How much are you implementing on the c++ side? Couldn't you get a few basic necessities built first, and then just abstract towards usability in arc? I don't know exactly what you're doing, but I don't see why you have to make everything at once.

Maybe we should move this to another thread? :)

-----

1 point by almkglor 6375 days ago | link

http://arclanguage.com/item?id=7142

-----

1 point by absz 6375 days ago | link

That's a good point. But what about having copy-on-write-if-more-than-one-logical-copy semantics? Then every Arc object on the heap would have a shared flag. Then if you send an object to another thread, the object is shared, and it has its internal shared field set to true (or 1, if this is C). And whenever you try to set (or lset, or scar, or scdr, or sref---good catch) an object whose shared is true (1), then you copy it first, modify it, set its shared flag to false (0), and then make the reference through which you modified it point instead to this new object.
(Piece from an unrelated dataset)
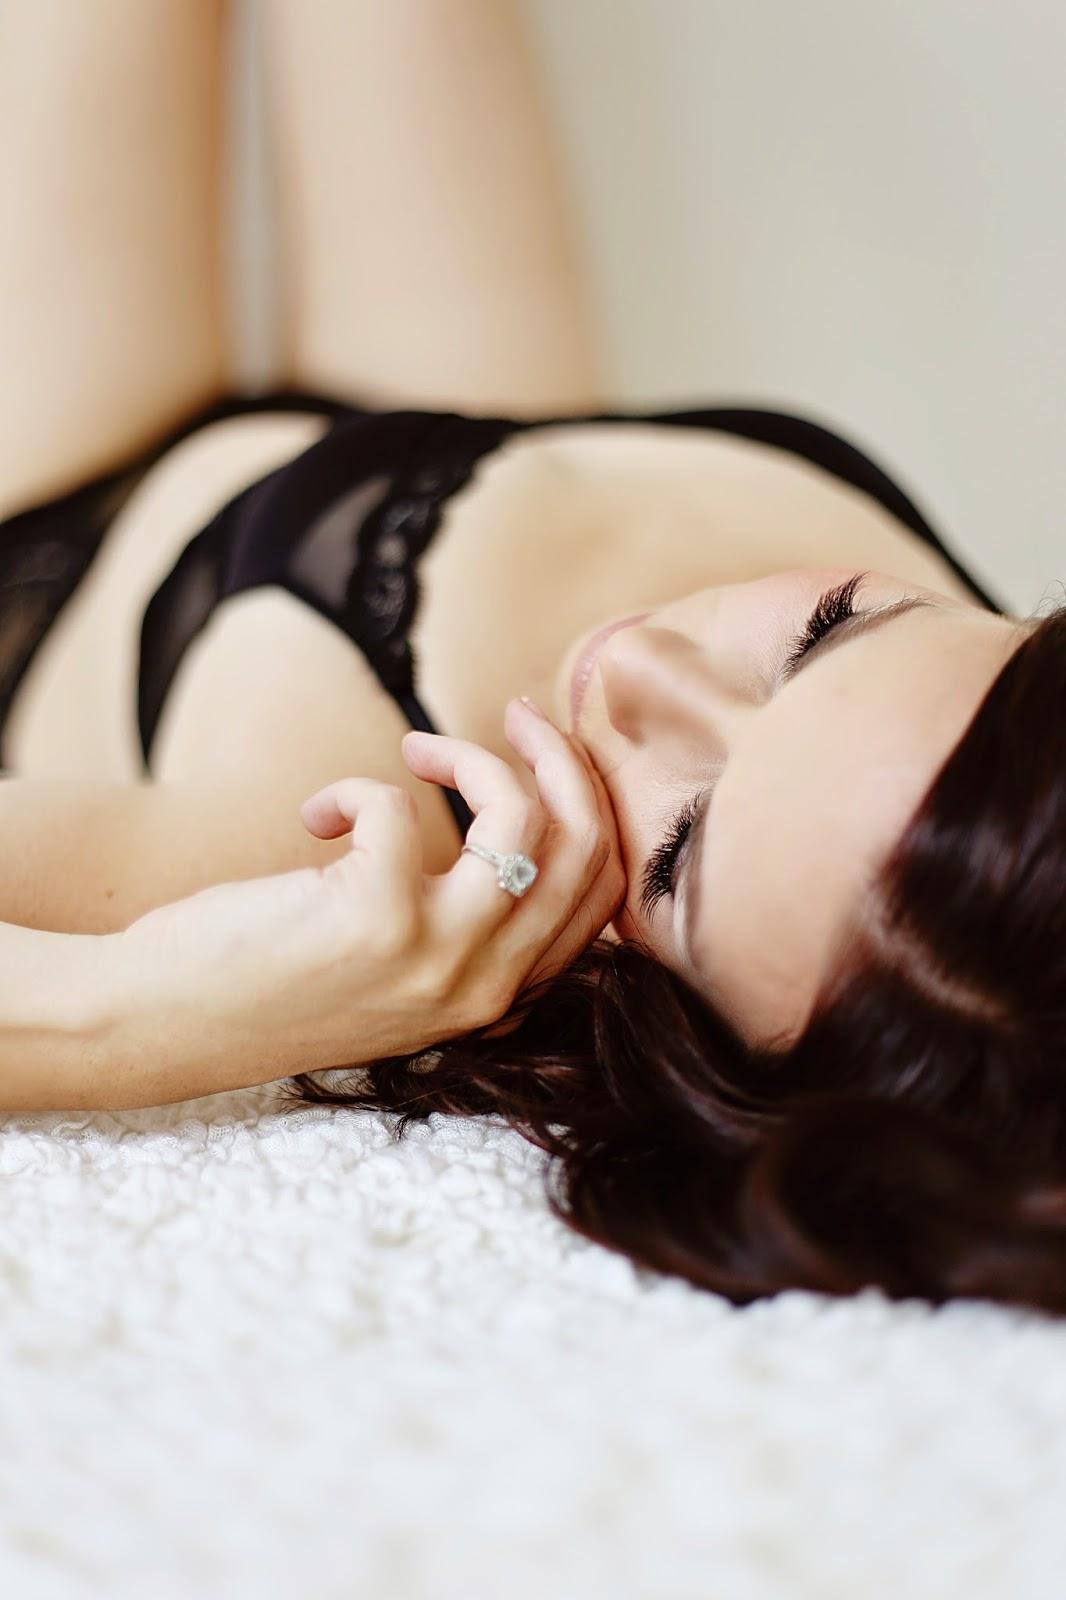 portland boudoir, gresham boudoir, oregon boudoir photographer, reveal, boudoir, powder inc, hair, makeup, natural light studio, jenn pacurar, nicole wagner, lingerie, sexy, beautiful

Except this doesn't take any shared structure into account---as soon as you send something over the network, all the objects which share it are fragmented. So you need some sort of "versioning." Perhaps you instead have every reference have a version flag, and every copy between threads increments version for the new copy; modifying something checks the reference you are modifying it through, makes a new copy if necessary for that version, and then modifies it. The problem is that I can't see a good way to do versioned indexing, especially if references are really just raw pointers.
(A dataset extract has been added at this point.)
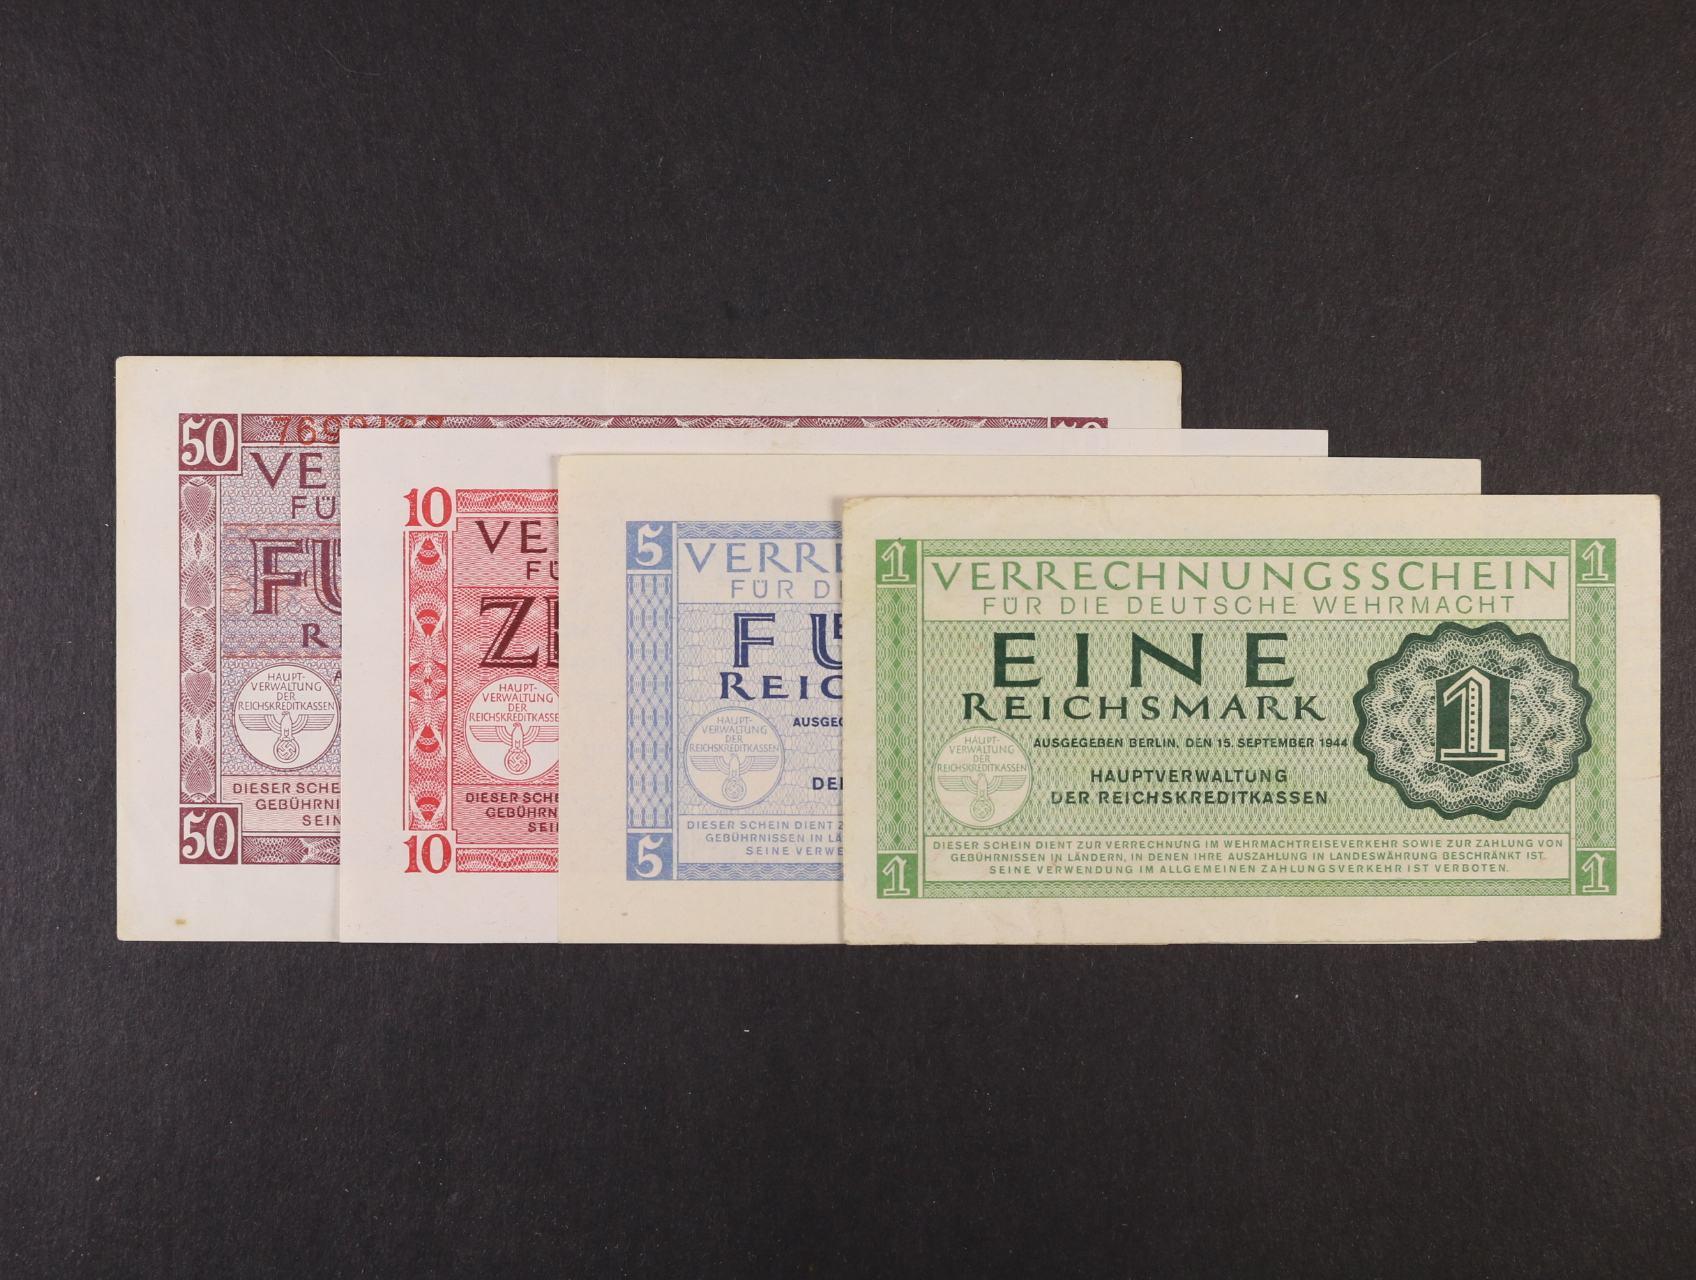 Vydání pro Wehrmacht 1944, sada 1, 5, 10, 50 RM 15.9.1944, Ro. 511 - 514

Though note that if you do come up with a working "copy-on-write-and-other-things" scheme, the Arc copy function becomes essentially

  (def copy (arg)
    (==> (current-pid) arg)
    (<== (current-pid) any))

.

-----

2 points by almkglor 6375 days ago | link

> Then every Arc object on the heap would have a shared flag....

This was indeed my original idea: http://arclanguage.com/item?id=7037

Incidentally, 'lset is very, very hard to implement if closures are not very mutable, as in the arc2c output.

> and then make the reference through which you modified it point instead to this new object.

  (def hmm (x)
    (let y (cdr x)
      (scar y 42))) ; is x mutated? the reference I used here was *just* y...

> the Arc copy function becomes essentially (...)

Yes, this is true, although I'd prefer to add some sort of 'uniq tag so that other pending messages don't accidentally get taken ('<== does pattern matchimg, obviously implemented via my p-m macro) ^^. It will even correctly handle recursive and shared structure, which I think the current 'copy does not ^^.

  (def copy (arg)
    (w/uniq tag
      (==> (mypid) (list tag arg))
      (<==
        (,tag cpy) cpy)))

Edit:

> That's a good point. But what about having copy-on-write-if-more-than-one-logical-copy semantics? Then every Arc object on the heap would have a shared flag. Then if you send an object to another thread, the object is shared, and it has its internal shared field set to true (or 1, if this is C).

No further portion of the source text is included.